Throwing money at big name influencers might work sometimes for brands when their product or service is quite broad, but they aren’t necessarily talking to your core audience.

One of our clients, InsureandGo, offers travel insurance for all types of holidays and destinations. This might seem like a broad service because everyone travels and so everyone needs travel insurance. Using influencers wouldn’t be an obvious tactic for this type of service. Insurance isn’t something you can Instagram, it’s intangible and only ever bought in conjunction with tangible things. Additionally, insurance is only used when something goes wrong, which means the noise around insurance brands is rife with negativity and cynicism.

An easy route would be to put the budget in the hands of a generic travel blogger with a few hundred thousand followers and subscribers and hope that InsureandGo will resonate with their audience. Instead we decided to take a step back and really look at who we were talking to. We used social listening and data about InsureandGo’s audience. Through this we uncovered the individuals who authentically gave positive brand recommendations. Over 90% of the positive recommendations were for travellers who wanted insurance to cover their activities and expensive equipment, such as underwater cameras, snowboards, surfboards and MacBooks, whilst abroad.

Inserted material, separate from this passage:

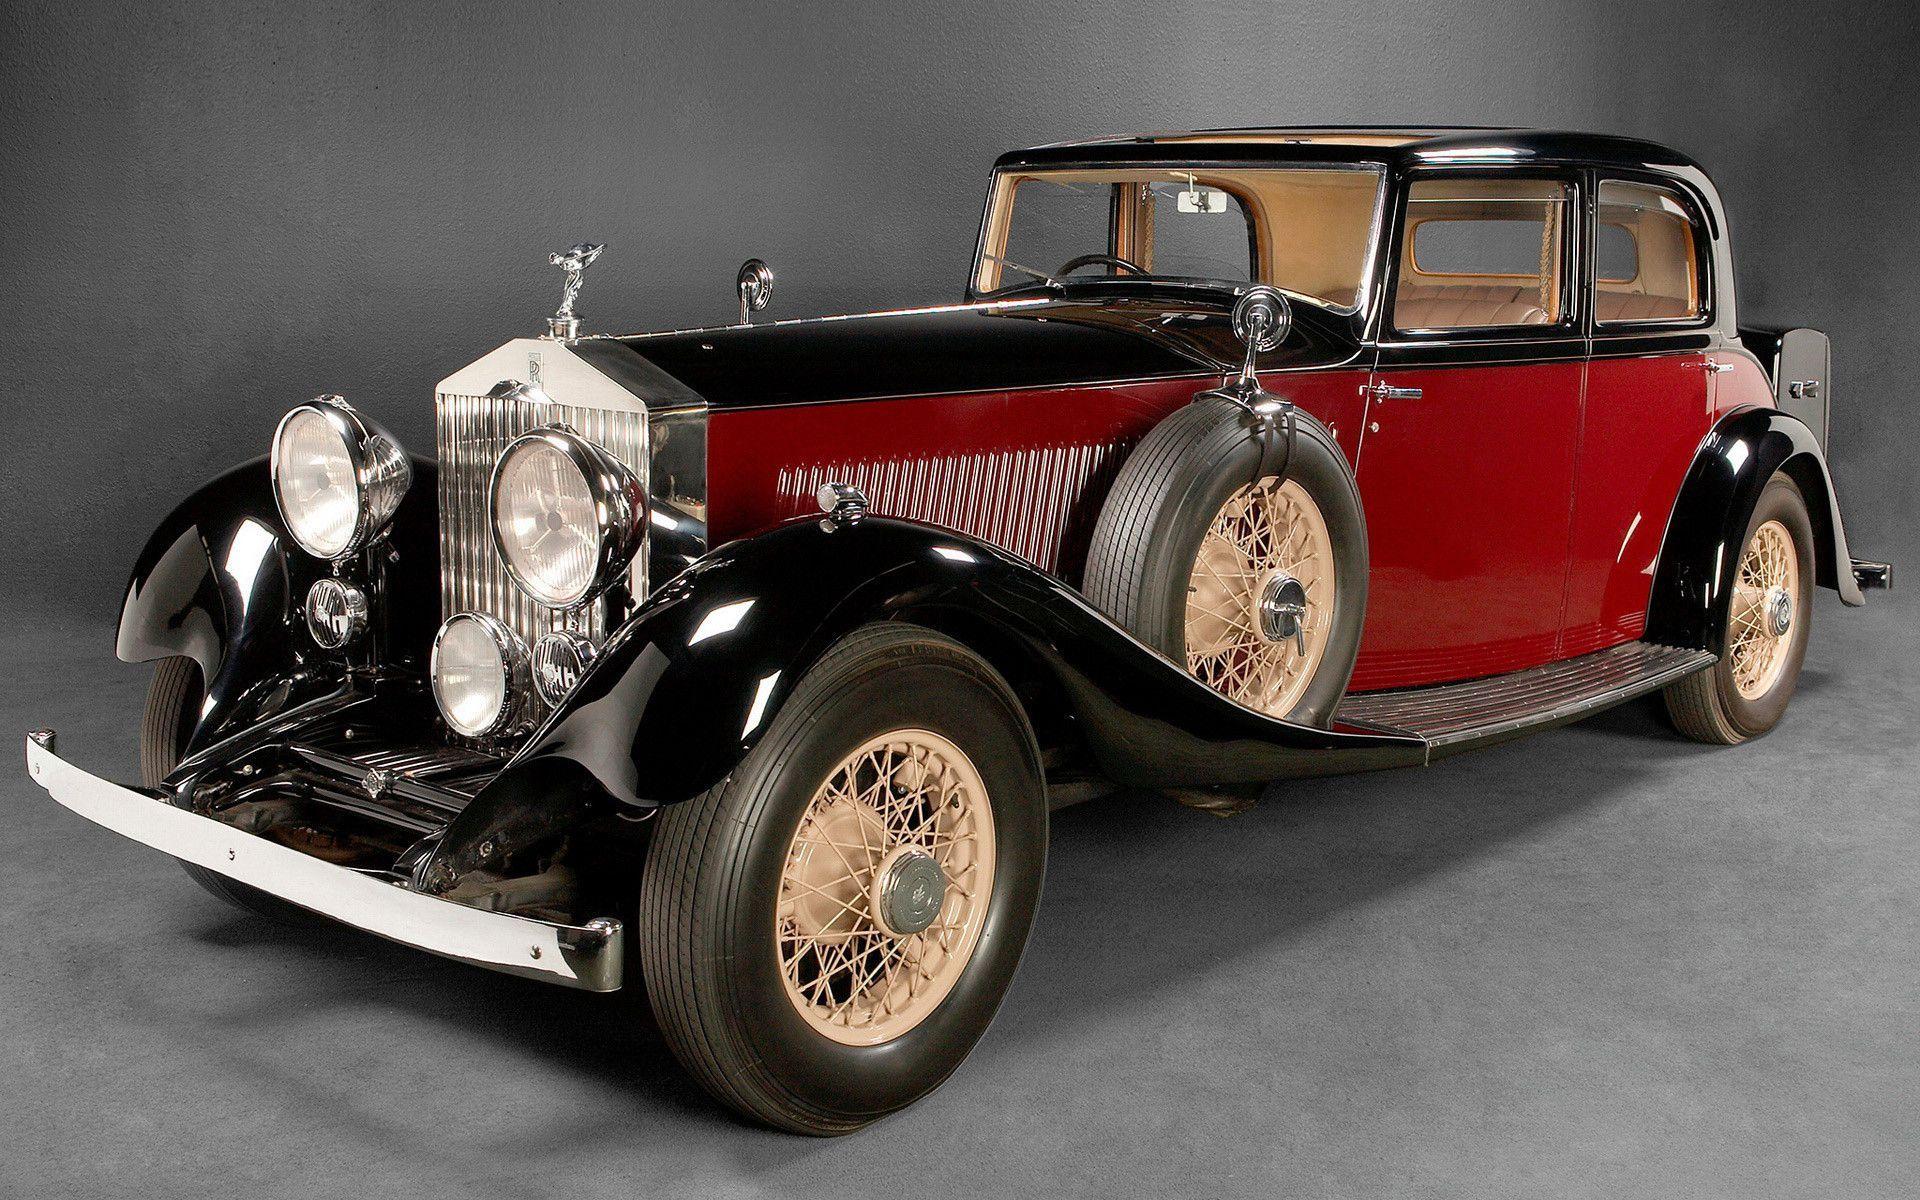 Hd Nice Old Car Wallpaper Download Free 137310 Rolls Royce

This ‘adventure audience’ spanned many different scenes, from sky divers to scuba divers and these micro influencers that existed in this space had their own cultures, ideas, and ways of doing things. We had found an audience within our audience but it didn’t make sense to talk about them in some sort of predetermined brand-filtered way and give them scripted taglines to use. Our aim was to be authentic and give the communities they belonged to something genuinely valuable to share and talk about.

Out of this, DiscoverInteresting.com was born. An unbranded platform for these influencers to tell their stories and share their experiences. Experiences they could only have with a specific type of travel insurance. We interviewed each influencer to find out what made them tick, co-created their stories, researched their communities, and designed bespoke distribution plans. Each plan consisted of a mixture of PR outreach, with supporting paid and organic social which targeted specific communities relevant to each story and influencer. This proved to be a sustainable strategy that has run for more than two years and helped to achieve YoY improvements across organic rankings, traffic and revenue. The platform not only spoke to the influencer’s current audience, but we reached a wider audience of people that aspired to get involved in the activities and lifestyle these influencers were actually living and needed travel insurance to live it.

Most importantly, the stories we told were relatable. Each influencer talked about the challenges and adversity they faced in their lives to get to where they are and everyone can relate to that on some level. It made the relationship between influencers and their community authentic.

My main takeaway from this is to look at your audience at a deeper level. There are always different conversations, wants and needs within the community you are trying to talk to, it’s about identifying what they are, which influencers are best placed to talk about them and how you work with them to get the most out of your campaign.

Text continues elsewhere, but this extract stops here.